Relations with other churches
The NALC Convocation, held in August 2011, approved unanimously the establishment of a full communion relationship with the Ethiopian Evangelical Church Mekane Yesus. A "Memorandum of Understanding" between the NALC and the Evangelical Lutheran Church in Tanzania was approved at the Convocation held at August 2013, paving the way for full communion between the two churches.

The NALC has established ecumenical dialogue with other Lutheran church bodies, such as the Lutheran Church–Missouri Synod, the Lutheran Church-Canada, and the Lutheran Congregations in Mission for Christ, as well as with the Roman Catholic Church, the Anglican Church in North America (ACNA), and the Eastern Orthodox Churches. The NALC passed a request to the Anglican Church in North America to share clergy where there were vacancies, which was accepted. In 2017, the ecumenical consultation of the ACNA and the NALC developed "Four Pastoral and Educational Affirmations" on "Baptism," "Holy Communion," "Holy Scripture," and "Jesus Christ, Gospel, and Justification." The NALC also started a seminary system called the North American Lutheran Seminary on the campus of Trinity School for Ministry, a seminary with ties to the Anglican Church in North America.

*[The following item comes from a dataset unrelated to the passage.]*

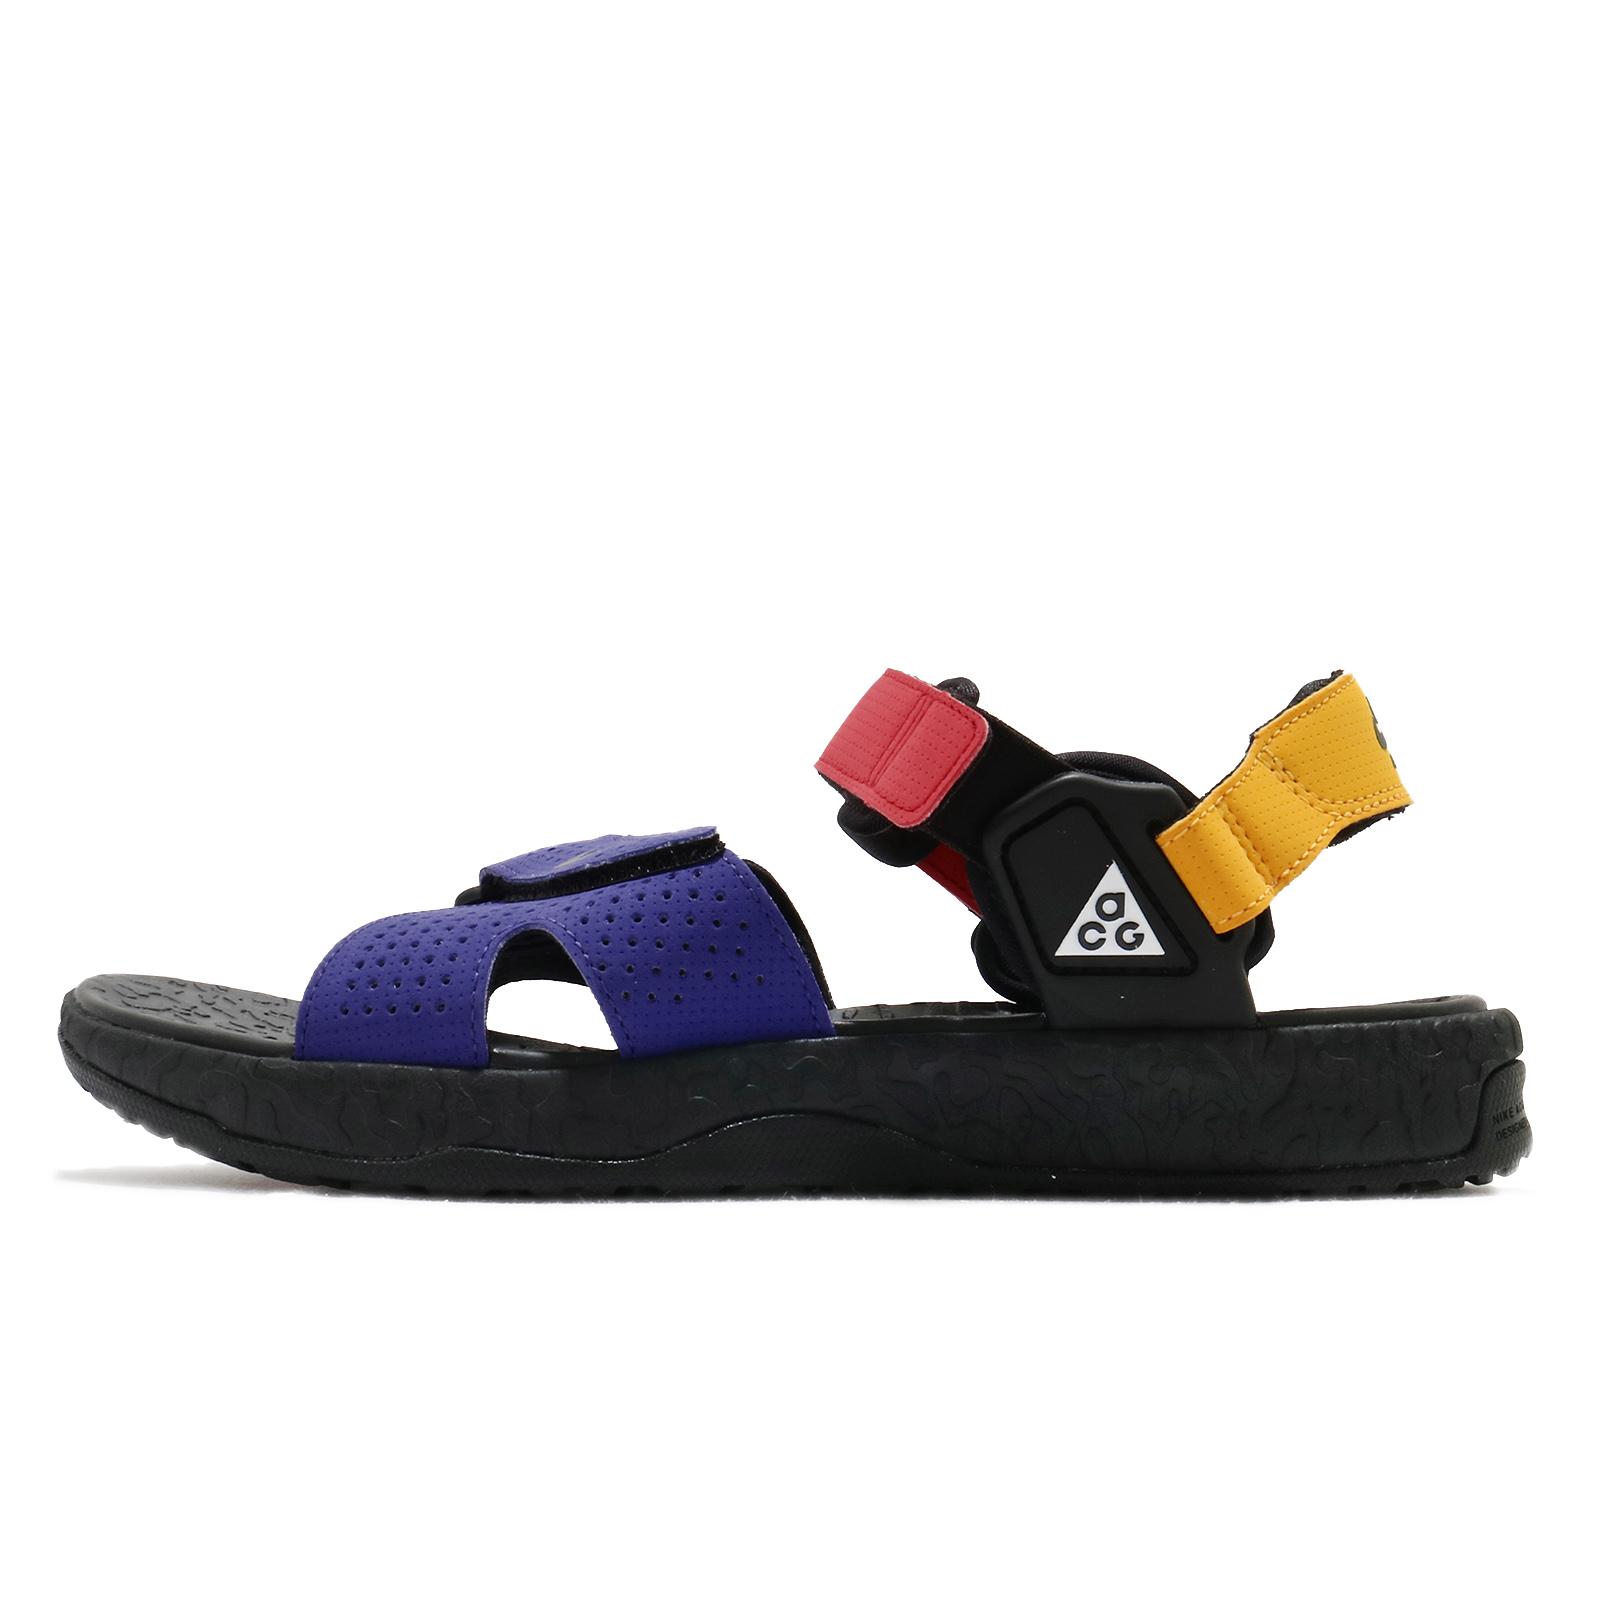 Nike 涼鞋 ACG Deschutz 藍 紅 黃 黑 戶外風格 魔鬼氈 男鞋 女鞋 【ACS】 CT3303-400

The NALC held an ecumenical summit with representatives of the ACNA, the LCMS, and the LCC on May 3–5, 2013, at the Church of the Holy Communion in Dallas, Texas, on the theme of "Biblical Teaching on Marriage and Sexuality". The summit issued the joint document "An Affirmation of Marriage", signed by representatives of all the four church bodies, which defined the institution of marriage as the unity between a man and a woman.

At its 2012 Convocation, the NALC approved, by the required majority of two thirds of the voters, a resolution to seek membership in the Lutheran World Federation. The application request was not approved by the LWF, remaining in a pending decision, according to a letter issued at May 2014, despite the support of the Lutheran Churches of Ethiopia and Tanzania. The NALC is considering possible associate membership in the International Lutheran Council.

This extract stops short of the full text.